Мы тогда полночи ржали, представляя Виталика Хуторского стоящим раком и надевающего нам тапочки! А зря мы не послушались тогда Леню, зря!


Вовка вернулся через неделю, он стал студентом медицинского училища при все том же Первом медицинском институте. «Нашем институте» сказал он, и меня почему-то это задело. Целый день он рассказывал, какие клевые в этом училище чуваки и как он их всех разом заткнул за пояс, даже рябят с третьего курса, показав, как надо играть на гитаре.

Я с ним столько лет дружу, что уже и не удивляюсь. У него всегда в новом месте клевые чуваки, а самый клевый, конечно, он. Потом обычно все со временем тускнеет, кроме самого Вовки, разумеется. Еще он сообщает, что отец купил ему, чтобы ходить в училище, сразу два дорогих пиджака в магазине «Модный силуэт»: один пиджак очень клевый, а второй и вовсе клубный. Что такое клубный пиджак, я стесняюсь спросить, сижу и просто киваю.

Больше всех за Вовку, как мне показалось тогда, обрадовался Леня.

— Молодец, Вован, — сказал Леня, — все лучше, чем у станка весь день париться за копейки. Как станешь этим твоим, слесарем-гинекологом, все будут с тобой первые за ручку здороваться. Кому клизму пропишешь, кому градусник! Вот у нас в детдоме знаешь, какая профура работает, а даже директриса перед ней на цирлах ходит!

* * *

Только слышно было, как работает аппарат.

— Все, ребята, отключайте! — повторила Валентина и взглянула на часы под потолком. — Время смерти четырнадцать тридцать!

Я посмотрел на Кочеткова.
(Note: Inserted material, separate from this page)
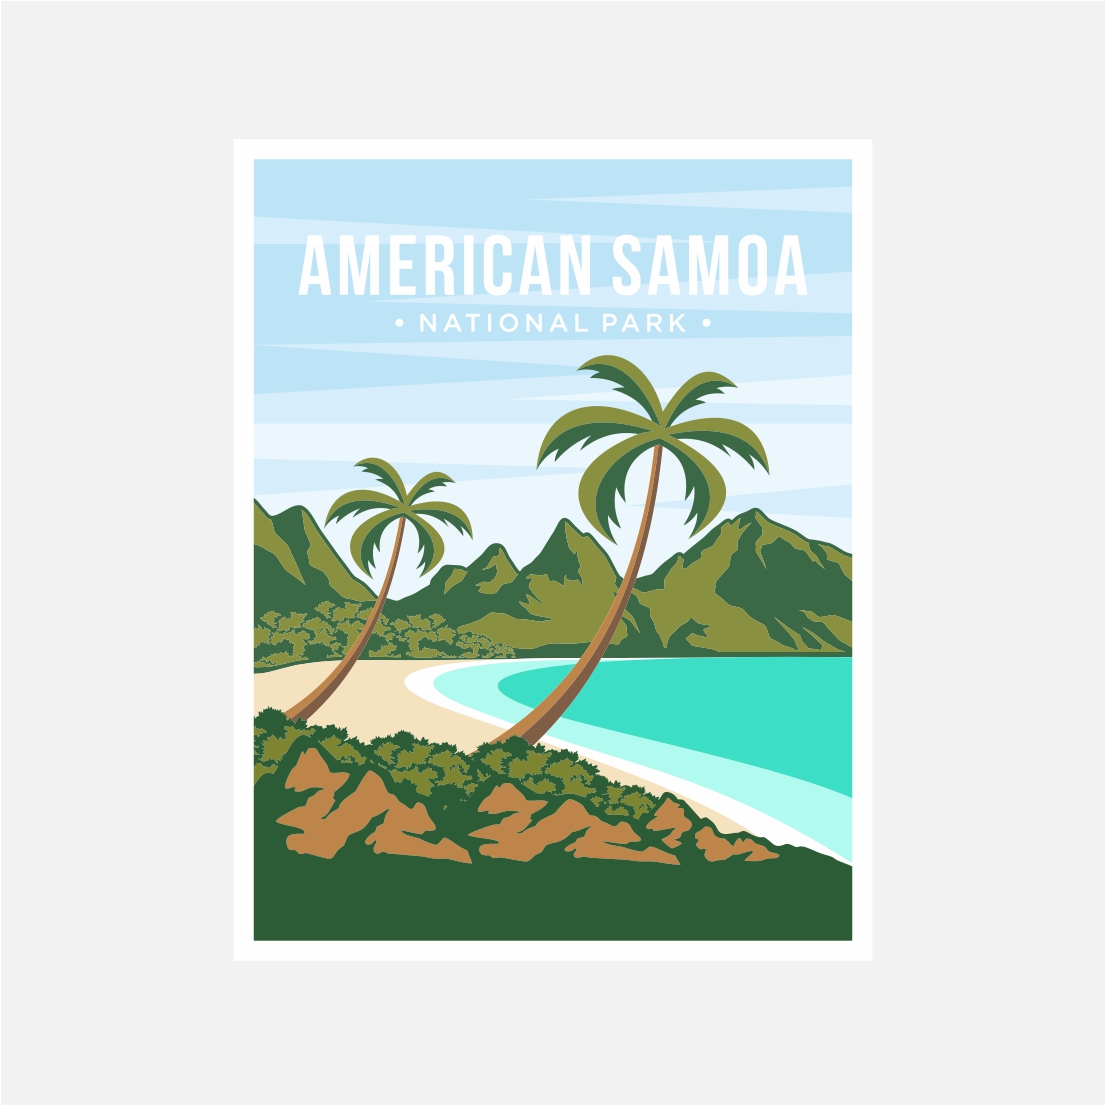 American Samoa National Park poster vector illustration design - $8 preview image.

Тогда пусть он и отключает аппарат, а мне что-то не хочется. Вот она, кнопочка, слева на панели, ему лишь рукой коснись, а я через койку должен тянуться. И сделать это нужно не для того, чтобы сэкономить электричество, нет. Просто этим жестом ты сам для себя отсекаешь перспективу бесполезных действий. А когда сердце стоит час, дальнейшая реанимация лишена смысла.

И тут Кочетков заиграл желваками и выпалил:

— Отключить мы всегда успеем, Валентина Алексеевна. Леша, давай еще три раза внутрисердечно — и все!!!

А он действительно упрямый, этот Андрюха Кочетков, а еще он девушек очень любит, про его слабость всей больнице известно, и допустить, чтобы такая, как эта, сейчас ушла, он не хочет. И почему еще три раза? Не два, не четыре? Значит, решил попытать счастья, как в русских народных сказках.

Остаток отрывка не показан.